Why are leading indicators preferred over lagging indicators for managing complex work? Because lagging indicators — population health, length of stay, readmissions, profitability, satisfaction scores — describe what already happened. They can't be used to manage real-time decisions in unpredictable environments because by the time they show a change, the moment to intervene has already passed. The leading indicators in adaptive design are about the development of people's problem-solving capability and the movement of units from simplified to coordinated to collaborative to synchronized adaptive care. These indicators are measurable in weeks, not quarters. They give leadership the information needed to decide whether to replicate and scale while the work is still in motion.
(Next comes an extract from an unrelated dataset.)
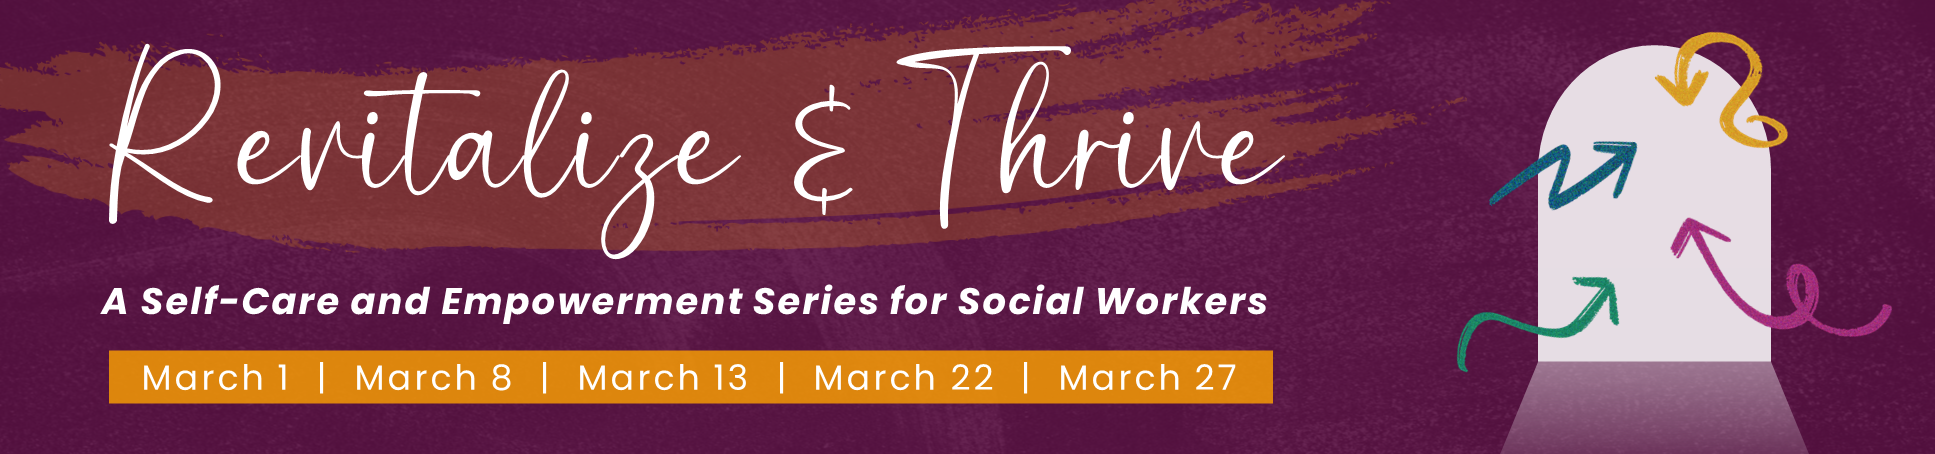 Revitalize and Thrive - A self-care and empowerment series for social workers

How should top executives participate in this work, rather than just supporting it? Supporting it isn't enough. Kenagy was clear on this. Executives need to be part of innovation teams, sometimes drawing A3s themselves to help solve the problems that surface at their level. The discovery phase is deliberately short — two to three days — because executives don't have a lot of time. The work doesn't ask them to abandon their other responsibilities. It asks them to be specifically and concretely engaged with the leading indicators of progress and the binary choices that drive replication and scaling. We don't think our way to new ways of acting, Kenagy noted. We act our way to new ways of thinking. The participation is what produces the leadership development the kata requires.

What about executives who discover they're part of the problem? The discovery happens inside the work rather than as an external accusation. The observation phase shows everyone — front-line staff and senior leaders simultaneously — what the system currently produces. No solutions are tied to the observations. Specific problems then surface from staff raising hands when they don't have what they need to meet patient care needs ideally. Solving those small specific problems often requires extending up the organization to whatever level the problem requires. The leadership discovery of their own contribution to the system happens collaboratively, as part of solving a concrete problem, rather than as a confrontation about responsibility.
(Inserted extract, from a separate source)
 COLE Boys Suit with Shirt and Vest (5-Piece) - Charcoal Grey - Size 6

Why is the pandemic an opportunity rather than a barrier for this work? Because the stress of the pandemic experience has opened senior leaders' eyes to the possibility that there are better ways to operate. The willingness to consider structural change is higher than it has been in a long time. Nobody wants to repeat the experience. Kenagy also pointed out that not every executive can or will do this work, but in his experience there's always an "angel" in the senior team — someone willing to extend their wings around something different. Making it safe for that person to permit a small experiment in one unit is often the leadership intervention that unlocks everything that follows.

How does adaptive design relate to traditional Toyota Kata? Kenagy described his approach as a direct natural extension of traditional Kata methods. The traditional starter kata approach uses visual boards, daily coaching sessions, and the structured Improvement Kata / Coaching Kata pattern. Adaptive design uses a somewhat different approach but operates on the same underlying scientific method — improvements as experiments, close in time and place to the work, low cost, low risk, high reward, fast. Adaptive design extends into a generative new place focused on developing the internal people who will be producing solutions, rather than the outside coaches producing them. The biggest jump isn't the technical extension. The biggest jump is changing the leadership habits that the existing kata has reinforced over decades.